- **Work instruction**
Exactly the lines from the beginning of the material to the line with "Certified 1 Ct." are to be repeated, both ends included.

━━━━━ Data shown

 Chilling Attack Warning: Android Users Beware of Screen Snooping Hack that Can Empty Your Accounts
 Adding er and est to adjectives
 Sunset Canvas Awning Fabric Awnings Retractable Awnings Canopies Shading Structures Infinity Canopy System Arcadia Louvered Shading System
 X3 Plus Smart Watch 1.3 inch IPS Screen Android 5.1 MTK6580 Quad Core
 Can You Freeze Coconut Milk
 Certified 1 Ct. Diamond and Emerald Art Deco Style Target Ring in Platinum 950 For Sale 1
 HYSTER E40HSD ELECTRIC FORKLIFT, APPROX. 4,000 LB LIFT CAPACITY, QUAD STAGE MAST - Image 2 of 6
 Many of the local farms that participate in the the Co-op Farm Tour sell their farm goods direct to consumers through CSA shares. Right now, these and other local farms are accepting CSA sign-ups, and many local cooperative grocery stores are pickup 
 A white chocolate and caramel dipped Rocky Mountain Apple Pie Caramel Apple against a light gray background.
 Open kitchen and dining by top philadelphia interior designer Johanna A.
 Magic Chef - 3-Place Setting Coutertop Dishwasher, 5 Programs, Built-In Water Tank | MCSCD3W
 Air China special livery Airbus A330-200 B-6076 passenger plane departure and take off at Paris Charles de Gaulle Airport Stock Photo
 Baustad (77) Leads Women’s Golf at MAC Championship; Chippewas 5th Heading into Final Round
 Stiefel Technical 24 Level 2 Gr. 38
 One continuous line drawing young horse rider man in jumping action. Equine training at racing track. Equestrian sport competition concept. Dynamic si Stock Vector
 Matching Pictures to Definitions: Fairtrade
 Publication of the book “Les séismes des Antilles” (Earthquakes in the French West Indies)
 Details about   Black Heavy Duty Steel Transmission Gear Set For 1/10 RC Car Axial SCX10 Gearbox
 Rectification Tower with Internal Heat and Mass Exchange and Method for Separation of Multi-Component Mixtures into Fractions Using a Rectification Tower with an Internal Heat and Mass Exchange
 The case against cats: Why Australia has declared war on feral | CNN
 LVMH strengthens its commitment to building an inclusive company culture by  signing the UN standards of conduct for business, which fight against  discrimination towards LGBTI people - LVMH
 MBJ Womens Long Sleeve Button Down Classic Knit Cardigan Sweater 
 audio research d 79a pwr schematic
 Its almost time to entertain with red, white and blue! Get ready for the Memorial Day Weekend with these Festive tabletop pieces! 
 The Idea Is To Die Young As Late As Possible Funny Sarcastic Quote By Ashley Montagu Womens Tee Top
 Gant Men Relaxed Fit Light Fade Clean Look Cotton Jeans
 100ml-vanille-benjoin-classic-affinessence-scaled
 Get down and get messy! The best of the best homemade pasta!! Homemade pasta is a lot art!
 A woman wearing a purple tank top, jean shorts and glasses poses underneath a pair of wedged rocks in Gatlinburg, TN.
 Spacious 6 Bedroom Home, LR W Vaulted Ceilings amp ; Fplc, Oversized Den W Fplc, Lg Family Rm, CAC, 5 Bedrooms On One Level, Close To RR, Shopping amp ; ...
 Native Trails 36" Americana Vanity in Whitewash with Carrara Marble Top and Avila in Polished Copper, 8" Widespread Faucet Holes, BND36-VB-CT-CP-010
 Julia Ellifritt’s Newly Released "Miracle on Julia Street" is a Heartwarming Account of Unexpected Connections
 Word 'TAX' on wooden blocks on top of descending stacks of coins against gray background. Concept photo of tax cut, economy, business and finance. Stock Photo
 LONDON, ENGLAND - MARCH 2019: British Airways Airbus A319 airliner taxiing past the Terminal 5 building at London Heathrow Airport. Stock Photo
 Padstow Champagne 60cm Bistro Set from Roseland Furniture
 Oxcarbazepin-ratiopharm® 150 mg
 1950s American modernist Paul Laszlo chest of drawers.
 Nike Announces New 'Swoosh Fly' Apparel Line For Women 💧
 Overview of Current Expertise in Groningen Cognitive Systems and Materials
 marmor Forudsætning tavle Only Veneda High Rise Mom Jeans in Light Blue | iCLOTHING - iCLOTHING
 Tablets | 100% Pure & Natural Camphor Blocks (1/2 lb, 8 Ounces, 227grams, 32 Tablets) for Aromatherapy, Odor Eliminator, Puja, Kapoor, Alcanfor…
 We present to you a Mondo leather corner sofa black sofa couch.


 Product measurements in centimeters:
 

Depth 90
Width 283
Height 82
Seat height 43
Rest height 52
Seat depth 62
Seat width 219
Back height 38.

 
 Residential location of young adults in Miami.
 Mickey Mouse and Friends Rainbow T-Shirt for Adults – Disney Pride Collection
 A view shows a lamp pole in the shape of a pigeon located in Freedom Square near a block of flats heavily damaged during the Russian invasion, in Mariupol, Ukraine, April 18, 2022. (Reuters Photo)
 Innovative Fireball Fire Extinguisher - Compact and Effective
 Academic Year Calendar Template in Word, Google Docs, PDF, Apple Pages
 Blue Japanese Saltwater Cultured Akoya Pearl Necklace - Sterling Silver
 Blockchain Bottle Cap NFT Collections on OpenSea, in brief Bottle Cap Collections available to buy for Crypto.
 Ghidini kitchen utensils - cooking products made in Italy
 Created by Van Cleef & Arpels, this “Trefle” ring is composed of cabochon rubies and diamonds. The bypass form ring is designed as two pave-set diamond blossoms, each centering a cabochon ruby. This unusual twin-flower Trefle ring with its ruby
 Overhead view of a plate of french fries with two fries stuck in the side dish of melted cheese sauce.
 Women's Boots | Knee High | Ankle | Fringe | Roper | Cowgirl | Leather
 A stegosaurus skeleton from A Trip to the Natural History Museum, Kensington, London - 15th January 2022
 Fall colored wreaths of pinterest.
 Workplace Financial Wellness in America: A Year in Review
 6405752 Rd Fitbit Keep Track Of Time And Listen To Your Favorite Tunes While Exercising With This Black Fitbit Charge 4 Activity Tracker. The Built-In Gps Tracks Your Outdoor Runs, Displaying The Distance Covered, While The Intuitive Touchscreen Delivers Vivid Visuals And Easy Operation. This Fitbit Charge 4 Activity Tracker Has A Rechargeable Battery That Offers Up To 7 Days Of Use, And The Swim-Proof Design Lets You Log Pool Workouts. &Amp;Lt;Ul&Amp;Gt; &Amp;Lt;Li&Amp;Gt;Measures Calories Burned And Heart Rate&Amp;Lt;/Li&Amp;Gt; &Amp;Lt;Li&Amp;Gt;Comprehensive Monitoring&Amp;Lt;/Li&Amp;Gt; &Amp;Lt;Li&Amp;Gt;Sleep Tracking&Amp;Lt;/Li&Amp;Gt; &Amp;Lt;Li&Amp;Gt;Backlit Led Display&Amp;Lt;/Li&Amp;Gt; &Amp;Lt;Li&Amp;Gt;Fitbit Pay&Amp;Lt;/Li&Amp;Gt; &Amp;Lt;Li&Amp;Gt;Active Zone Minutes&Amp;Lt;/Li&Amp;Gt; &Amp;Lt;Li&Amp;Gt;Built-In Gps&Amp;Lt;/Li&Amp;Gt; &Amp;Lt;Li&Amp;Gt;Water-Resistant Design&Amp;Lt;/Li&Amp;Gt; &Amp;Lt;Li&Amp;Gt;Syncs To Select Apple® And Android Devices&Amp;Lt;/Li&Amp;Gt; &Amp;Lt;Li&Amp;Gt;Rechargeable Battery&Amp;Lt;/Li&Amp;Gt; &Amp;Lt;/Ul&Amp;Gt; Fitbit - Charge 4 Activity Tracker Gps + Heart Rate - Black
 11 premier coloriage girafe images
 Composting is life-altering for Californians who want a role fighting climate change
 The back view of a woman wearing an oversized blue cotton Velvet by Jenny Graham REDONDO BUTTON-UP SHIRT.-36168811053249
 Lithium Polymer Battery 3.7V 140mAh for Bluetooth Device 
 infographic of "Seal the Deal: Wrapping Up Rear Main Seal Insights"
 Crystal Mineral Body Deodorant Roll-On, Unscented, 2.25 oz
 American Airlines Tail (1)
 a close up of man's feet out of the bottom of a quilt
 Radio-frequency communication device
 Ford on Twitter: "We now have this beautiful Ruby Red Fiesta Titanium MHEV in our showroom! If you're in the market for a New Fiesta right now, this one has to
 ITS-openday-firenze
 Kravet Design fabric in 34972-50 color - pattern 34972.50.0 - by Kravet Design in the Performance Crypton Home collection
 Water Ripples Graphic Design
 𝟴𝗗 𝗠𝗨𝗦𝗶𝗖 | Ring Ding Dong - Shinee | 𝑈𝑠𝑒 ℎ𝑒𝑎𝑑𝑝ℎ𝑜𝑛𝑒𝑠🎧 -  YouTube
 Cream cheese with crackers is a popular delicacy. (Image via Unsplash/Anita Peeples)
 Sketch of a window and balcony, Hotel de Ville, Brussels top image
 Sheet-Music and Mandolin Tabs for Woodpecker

━━━━━━━━━━

- **Solution for this problem**
 Chilling Attack Warning: Android Users Beware of Screen Snooping Hack that Can Empty Your Accounts
 Adding er and est to adjectives
 Sunset Canvas Awning Fabric Awnings Retractable Awnings Canopies Shading Structures Infinity Canopy System Arcadia Louvered Shading System
 X3 Plus Smart Watch 1.3 inch IPS Screen Android 5.1 MTK6580 Quad Core
 Can You Freeze Coconut Milk
 Certified 1 Ct. Diamond and Emerald Art Deco Style Target Ring in Platinum 950 For Sale 1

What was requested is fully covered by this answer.